Question: How to convert ion torrent Reads into Wiggle by galaxy?
4.2 years ago
United States
I just obtained a set of BAM file that is obtained by Ion Torrent(our collaborator helped with the mapping already).

I used to use galaxy to process illumina reads, MACS in galaxy main instance will convert my SAM/BAM file into wiggle simultaneously while doing peak calling.

Now I found that I cannot do the same for Ion Torrent data(I figure I cannot use MACS to do peak calling because unlike illumina ion torrent reads are not with fixed length).

There is also anther thing very odd: I got a lot of lines like 'Chr NT' in the bam file, what does those mean? I figured that possibly this is what caused the error.  Since my computer has only 2Gb ram I cannot use text editor to remove those lines(the BAM file is 3GB in size), is there any similar manipulation I could do by using galaxy?

Thank you in advance for answering the question.


4.1 years ago
United States
The basic steps to convert Bam to wiggle (wig) are: 

  1. BEDTools: Create a BedGraph of genome coverage
  2. Convert Formats: Wig/BedGraph-to-bigWig converter

Note that this is NOT the same thing as calling peaks. Those algorithms do more that count positional read depth from a mapping jobs. 

But I think you will need to solve the reference genome issue first, if that is the immediate issue (not exactly clear, but you can check).
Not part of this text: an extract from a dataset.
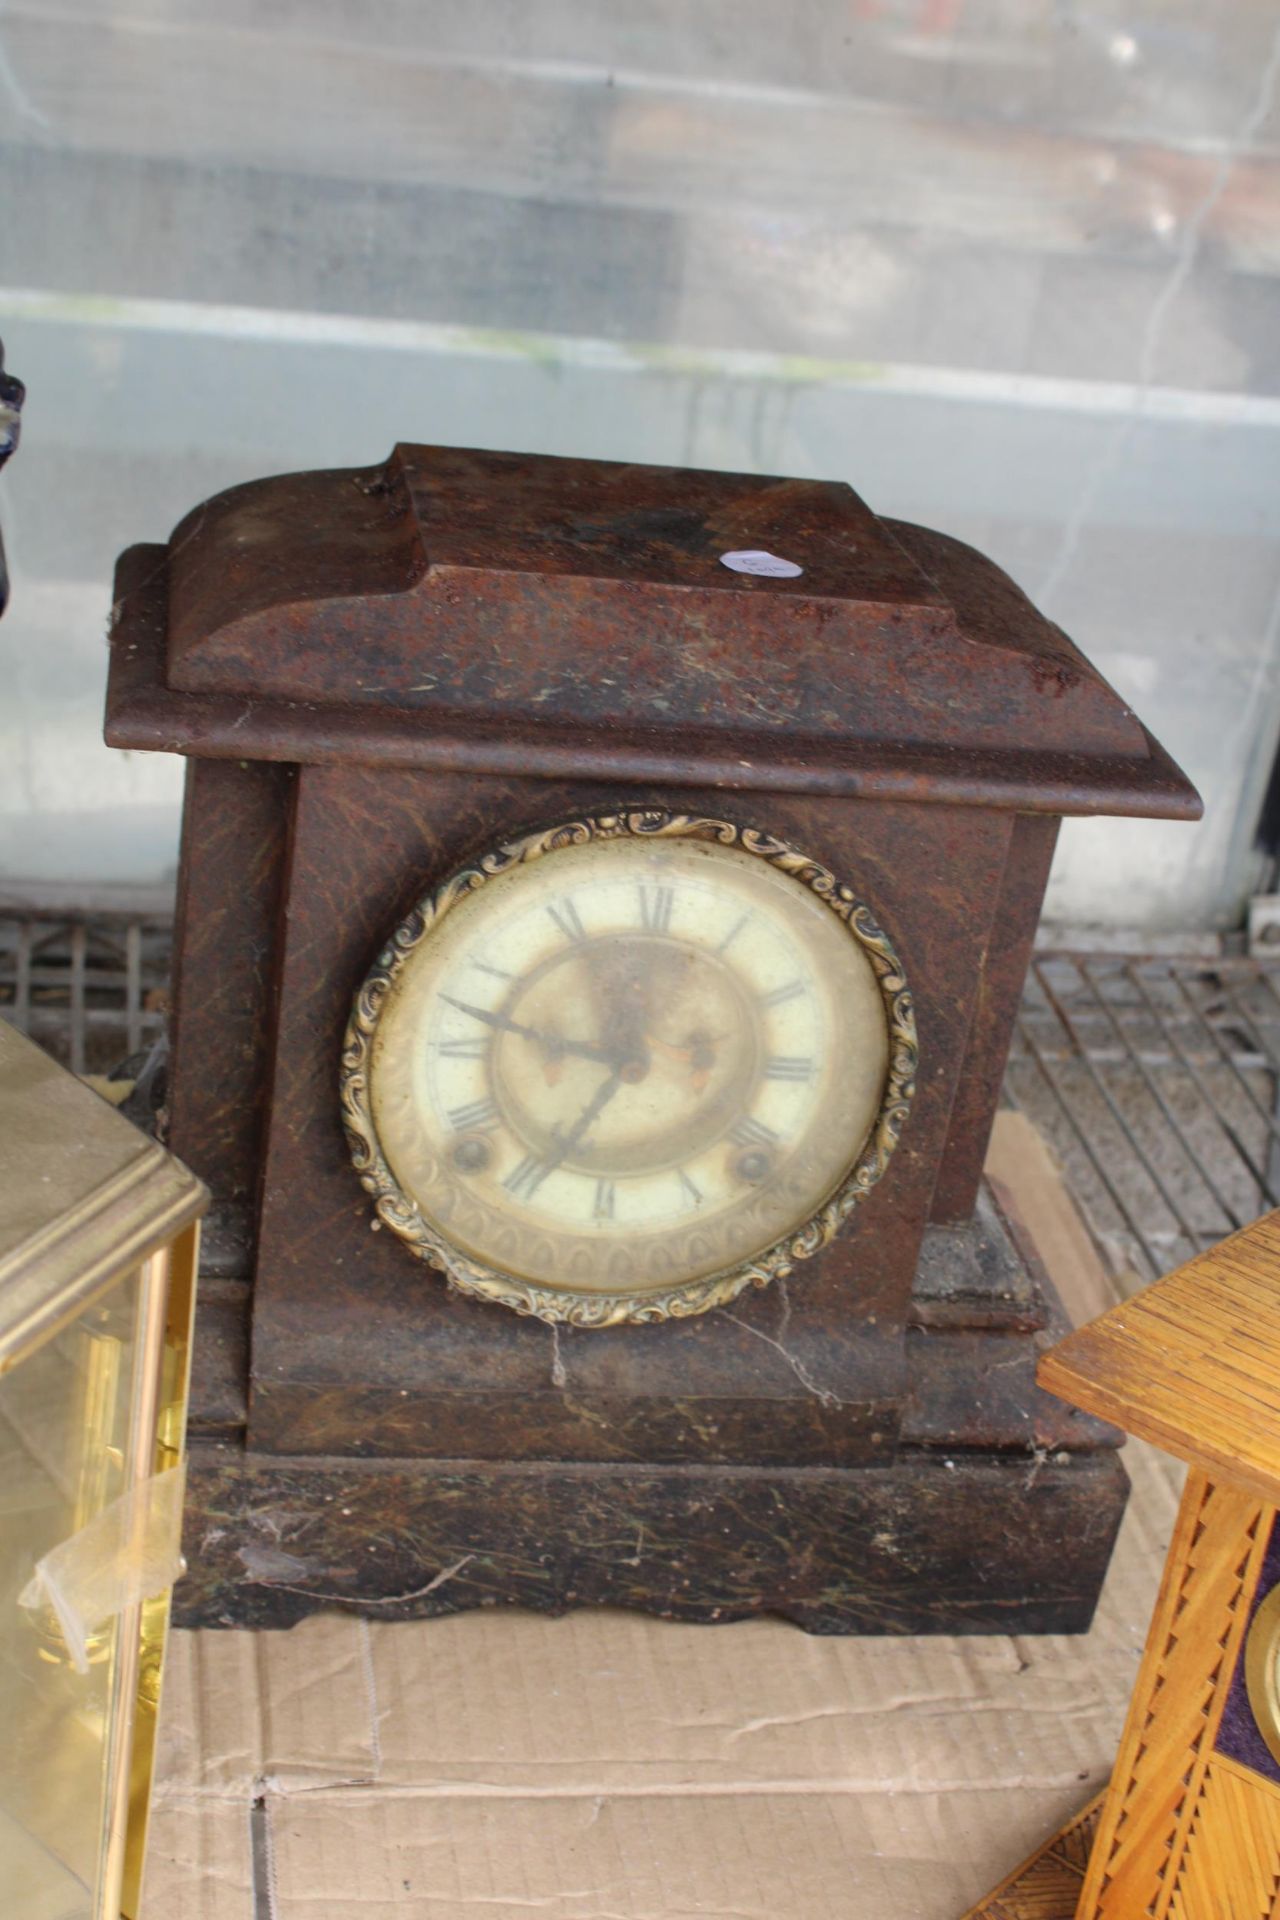 AN ASSORTMENT OF VINTAGE CLOCKS TO INCLUDE A CERAMIC MANTLE CLOCK, AN ANIVERSARY CLOCK AND A - Image 6 of 6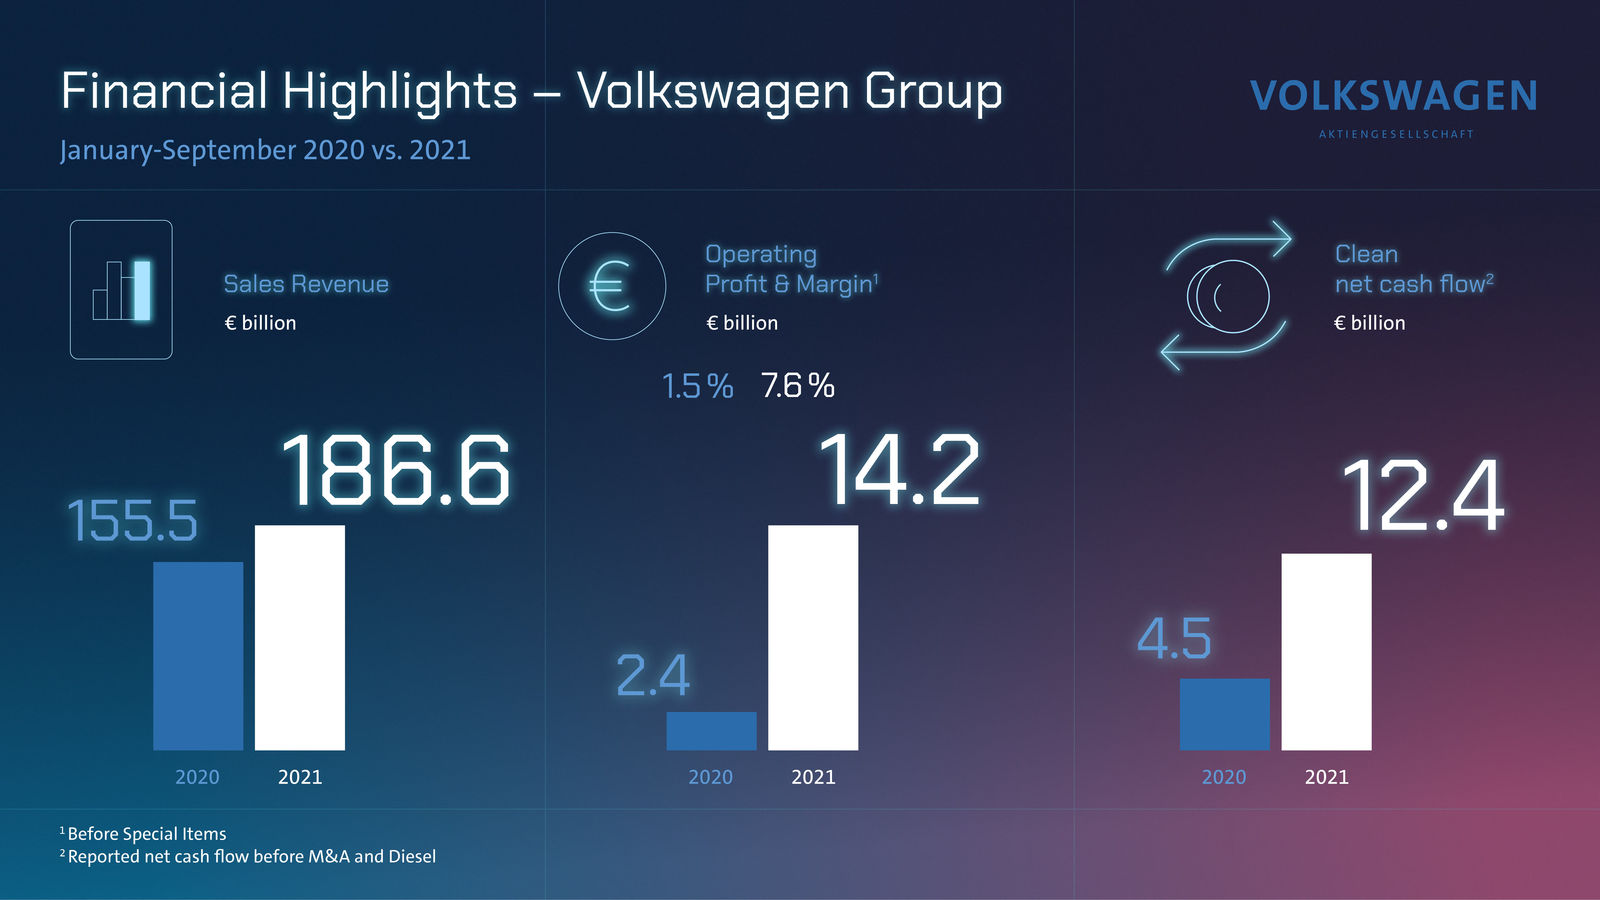 Volkswagen Group’s Q3 result down year-on-year due to semiconductor bottlenecks – profitability tar-get for 2021 confirmed

"Chr NT" looks like a chromosome identifier to me. The reference genome used for mapping and that used by downstream tools must be identical. Check for a conflict with what you are using now, then consider using a Custom reference genome (obtain the .fasta from your colleague that did the mapping).

I would normally suggest adding in the genome natively to your instance, instead of using a Custom genome, but any of these operations will have problems running with so little memory. A good rule to follow is that if the tool will run line-command on a system, it will almost certainly run within Galaxy (same core resources are needed for the tool's operation).

Because of that, consider a larger server for processing:

  1. Main,
  2. Cloud,
  3. All options,

Best, Jen, Galaxy team

thank you very much!!!!

Hi, Jen:

If I were to ignore those Chr MT/NT, could you give me a suggestion how to do that in galaxy? if it was a smaller file I could just delete those lines by notepad++ by regular expression, but this file exceeded my computer capacity since it is too big. Can I do any regular expression maneuver in galaxy?

Thank you again!

The Select tool permits regular expression use. But the Filter tool may be a more direct method if just working with a single column and known filter criteria.

With either tool, you'll need to work with tabular data. BAM is compressed, so a BAM-to-SAM run with Samtools would be needed. Not sure how much disk you have, or if this will cause a problem with memory. Worth a try locally, then use a larger server if problems. This particular tool does not require a reference genome, so that is good. Going back the other way will - and if the genomes are not an exact match, expect to encounter issues.

thank you! I am trying according your instructions in galaxy main.